## What the exercise asks
Restate word for word the lines below that run from the one holding "Dropped 12% on" through the one holding "Czechoslovak - Air", inclusive. Pictures don't belong in the copy.

## Material for this exercise

- - - -

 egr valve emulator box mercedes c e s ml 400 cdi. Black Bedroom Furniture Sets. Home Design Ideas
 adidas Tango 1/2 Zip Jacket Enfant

- - - -

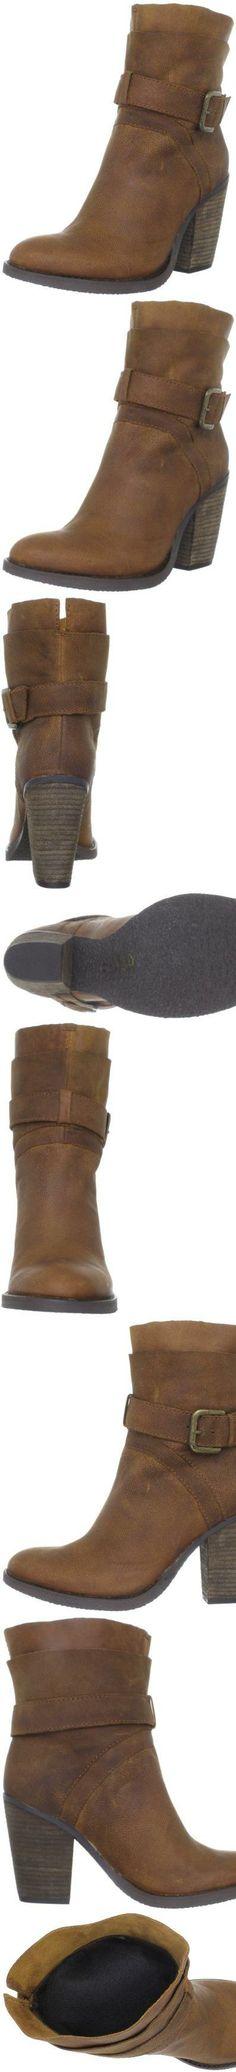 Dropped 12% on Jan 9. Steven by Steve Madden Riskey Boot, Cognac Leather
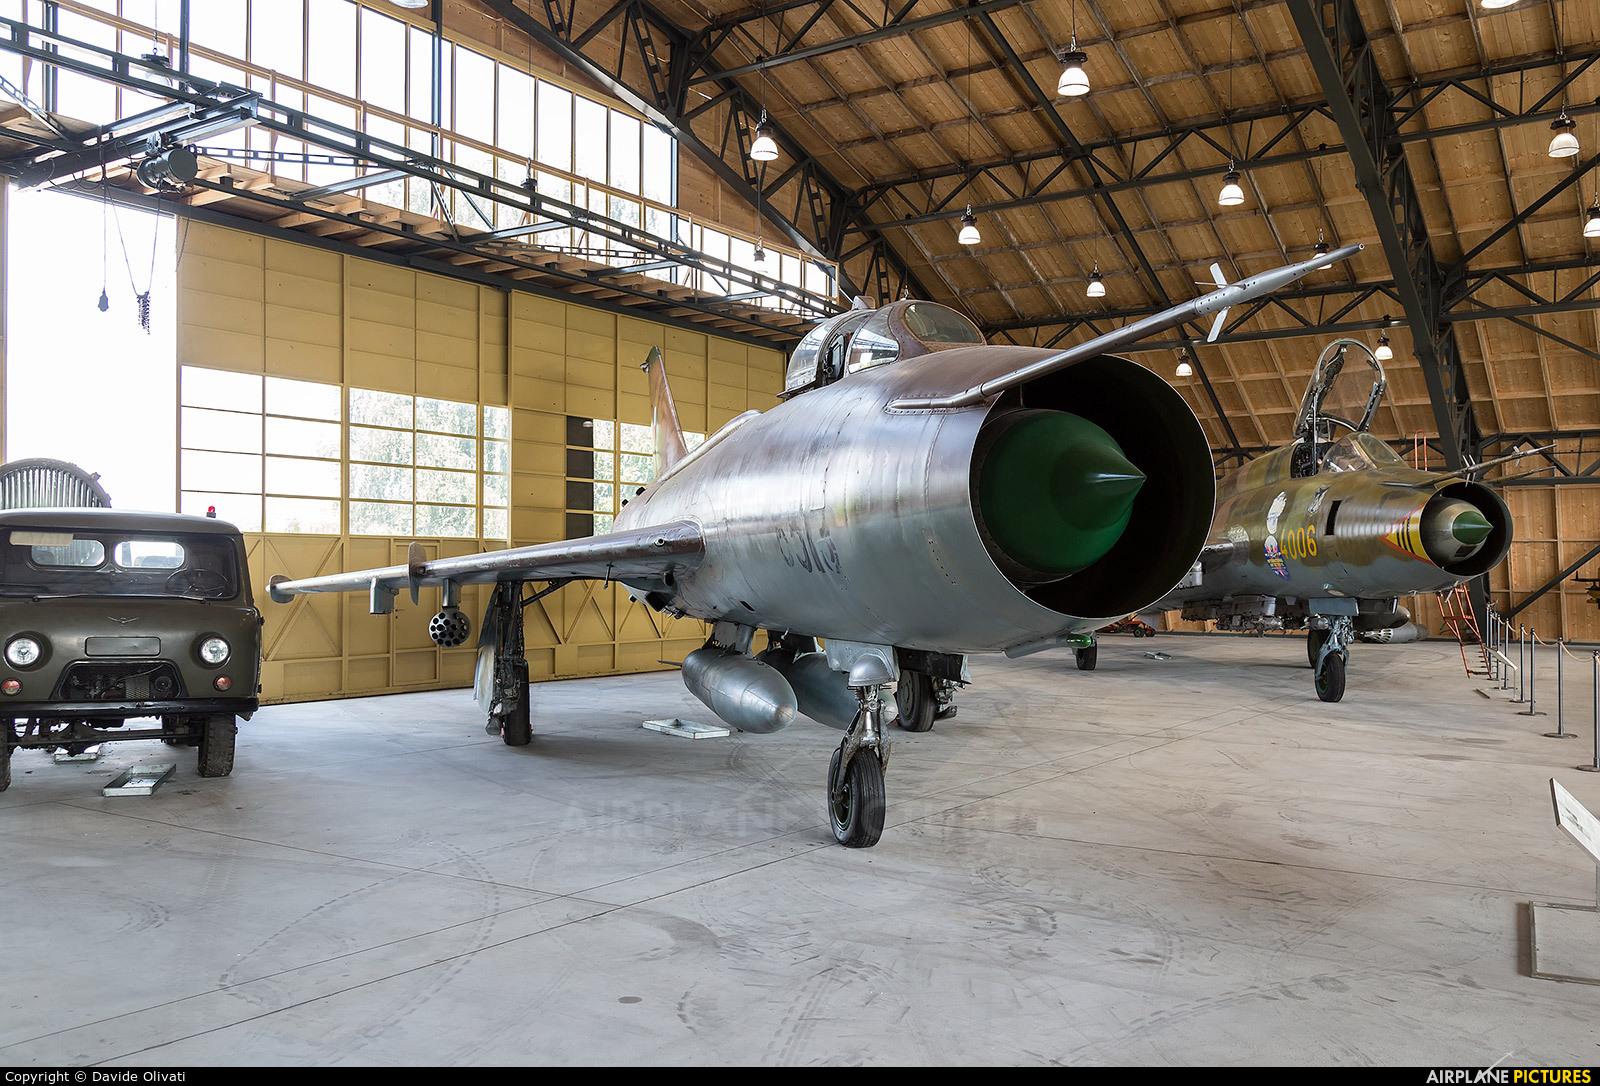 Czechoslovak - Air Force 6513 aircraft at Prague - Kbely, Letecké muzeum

- - - -

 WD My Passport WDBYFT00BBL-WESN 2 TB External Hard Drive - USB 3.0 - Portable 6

- - - -

## Written answer
 Dropped 12% on Jan 9. Steven by Steve Madden Riskey Boot, Cognac Leather
 Czechoslovak - Air Force 6513 aircraft at Prague - Kbely, Letecké muzeum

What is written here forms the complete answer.